FLASH Talks: Arvind Gupta (NOIRLab) & Abi Saha (NOIRLab)


Friday, 15 September 2023 noon — 1 p.m. MST

NOIRLab Headquarters | 950 North Cherry Ave., Tucson, AZ 85719

FLASH Talks
Arvind Gupta (NOIRLab) & Abi Saha (NOIRLab)

Arvind Gupta, NOIRLab
Searching for Snapshots of Giant Planet Migration: case studies of eccentric warm Jupiters with NEID
The production of Jupiter-sized planets with orbital periods of P < 10 days – “hot Jupiters” – has presented an enticing challenge for our understanding of exoplanet dynamics and planet formation. A number of viable migration models have been put forth, but post-migration orbital evolution often erases important clues to the dynamical history of individual systems, making it difficult to determine how much each formation channel contributes to the observed population. Case studies of warm Jupiters, which will have retained primordial orbit information, offer an opportunity to tackle this challenge. I will discuss new results of an ongoing warm Jupiter observing campaign with the NEID spectrograph on the WIYN 3.5-m telescope at Kitt Peak, highlighting several freshly confirmed systems and discussing the status of each system within the context of hot Jupiter formation.
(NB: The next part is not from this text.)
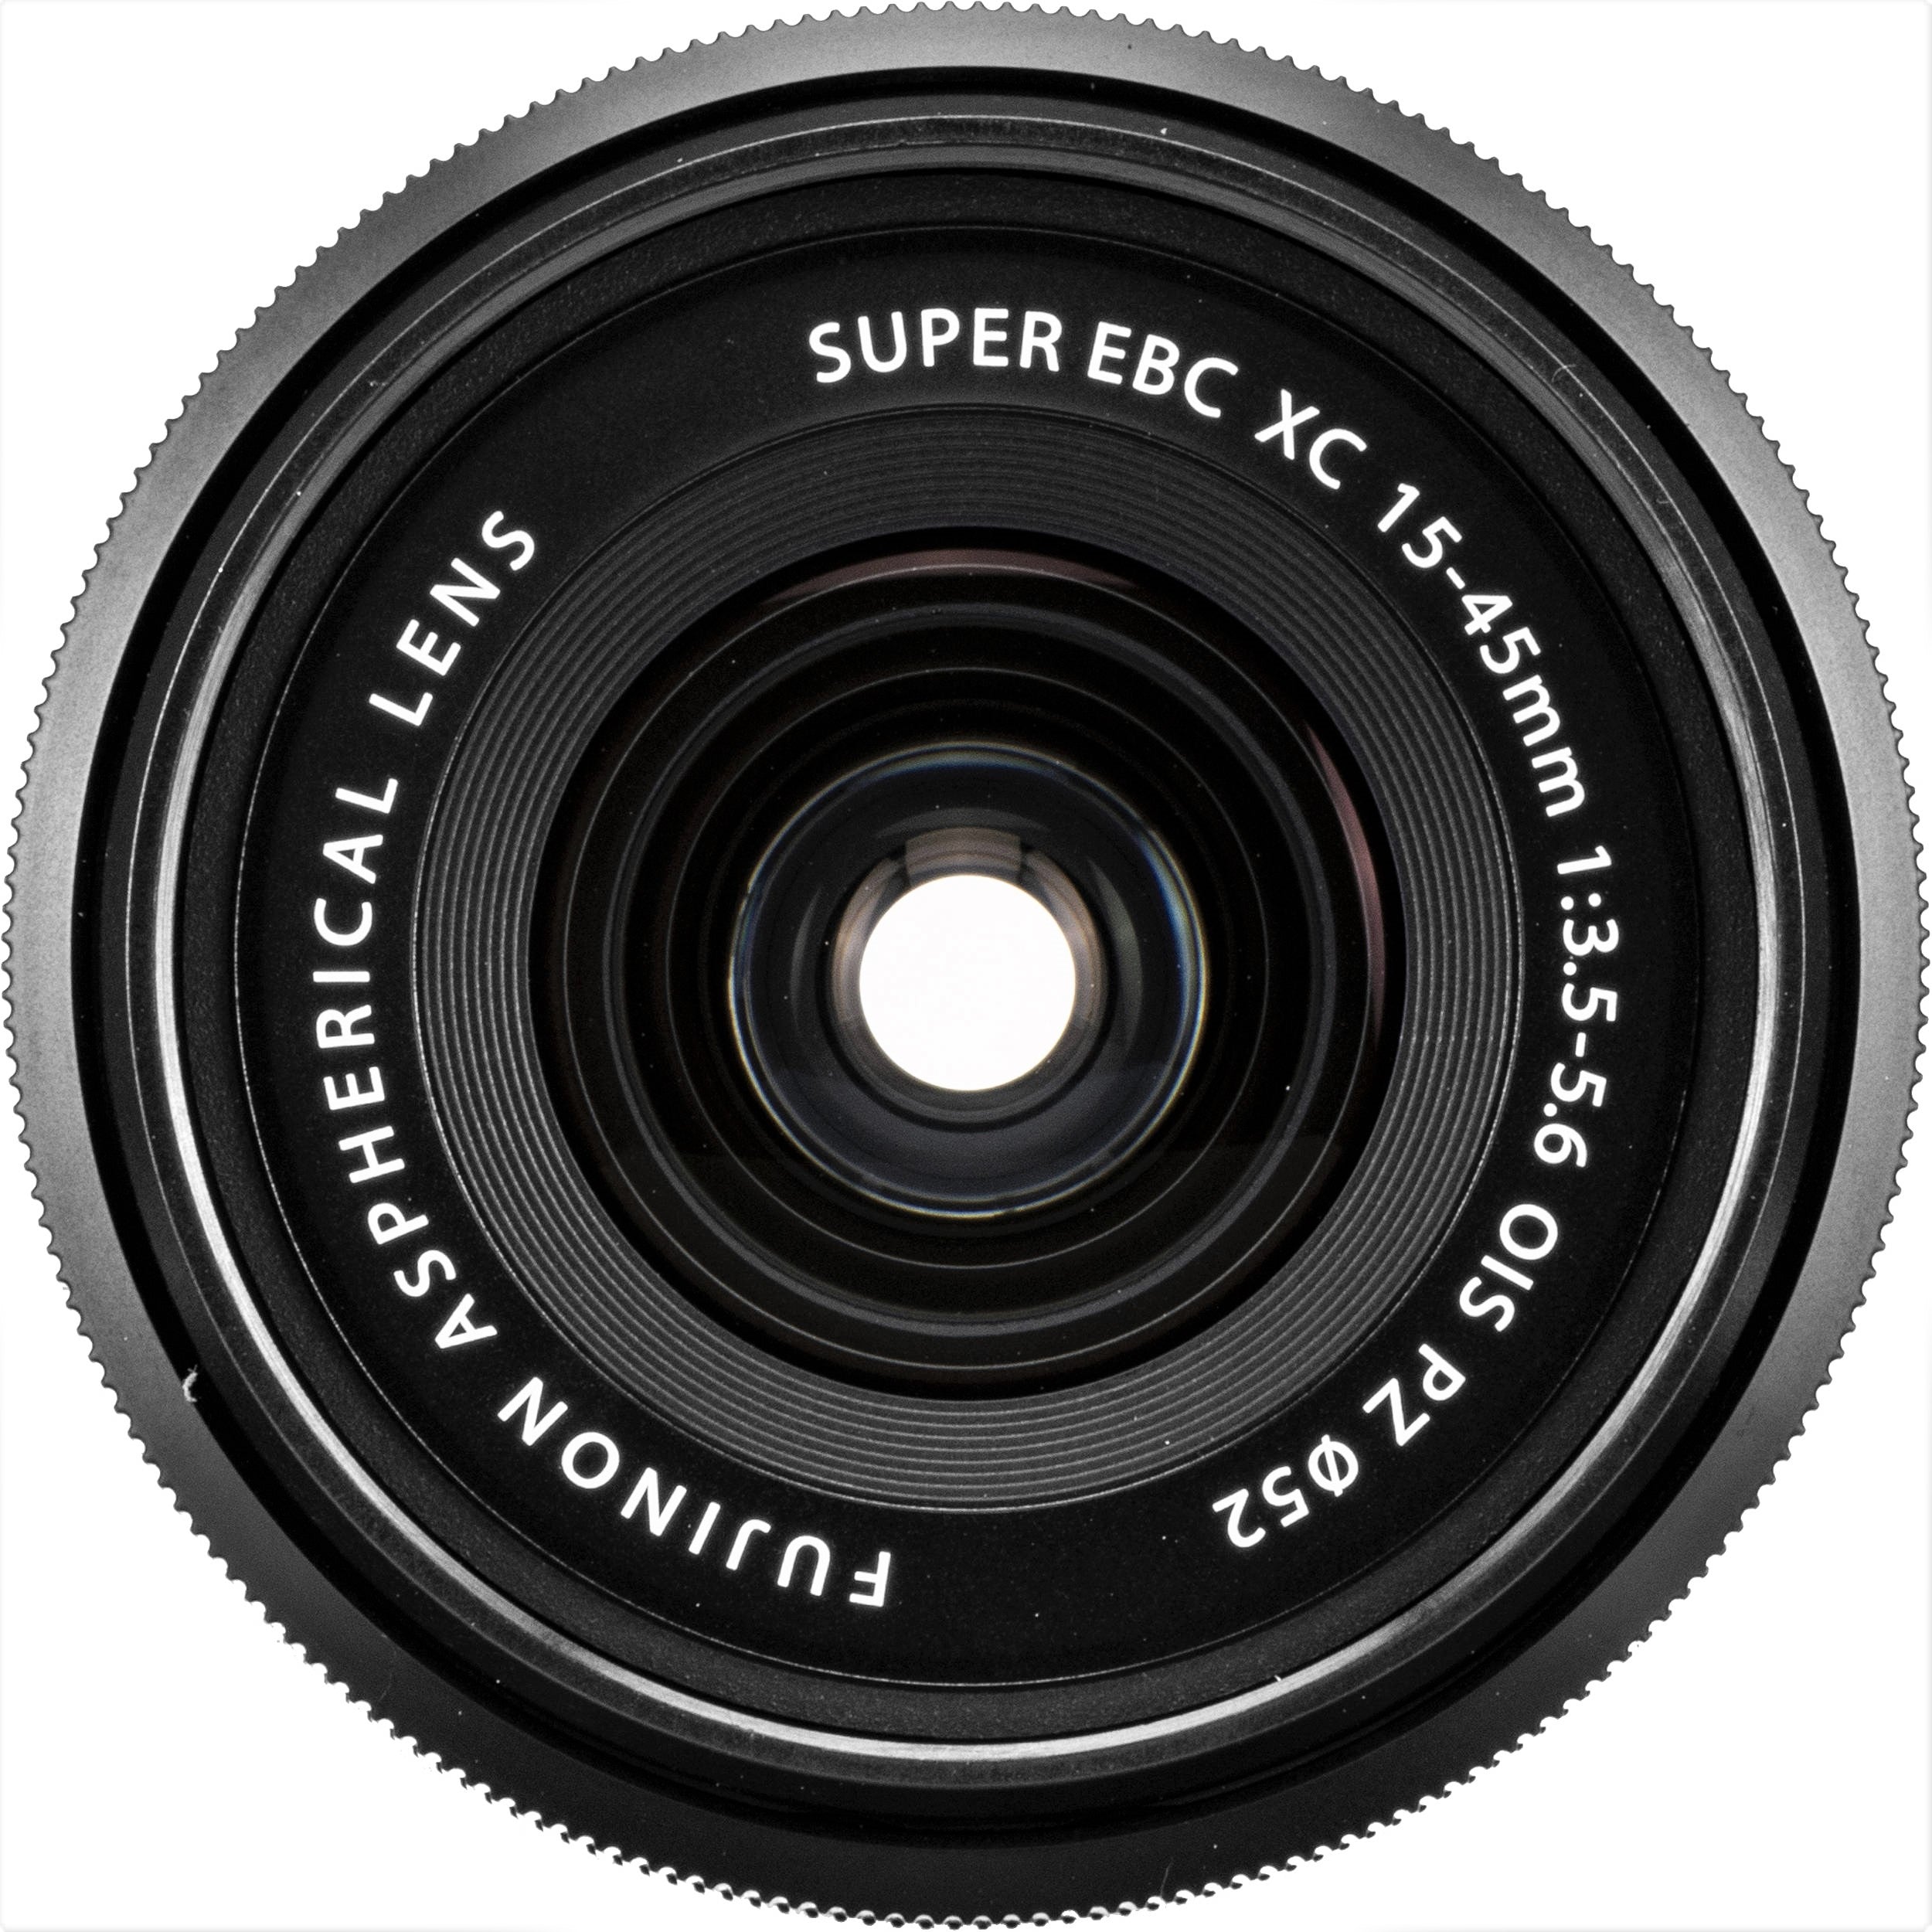 Fujinon XC15-45mmF3.5-5.6 OIS PZ Lens - Front View

Among these is the highest eccentricity transiting planet yet discovered, which adds to the sparse sample of bona fide progenitors to hot Jupiters, and for which we recently captured a serendipitous measurement of the Rossiter-McLaughlin effect.

Abi Saha, NOIRLab
Photometric Investigation of stars in the Galactic Bulge with DECam: a pathway for discoveries with Rubin/LSST
We expect to find fossil signatures of the earliest history of how the Galaxy came together embedded in the complex stellar population structure of the Galactic bulge, a topic that is ripe for investigations with Rubin/LSST.  While the methods of analyzing complex synthetic populations using photometric techniques is well advanced, the star fields in the bulge are a) extremely crowded, and b) severely affected by interstellar extinction that not only changes on angular scales of less than an arc-minute, but also deviates from the standard reddening law. I will recount a study using multi-band DECam imaging that addresses and (mostly) overcomes both of these technical issues, and produces results that contain some unexpected surprises that give us a glimpse of the kinds of discoveries that await Rubin/LSST.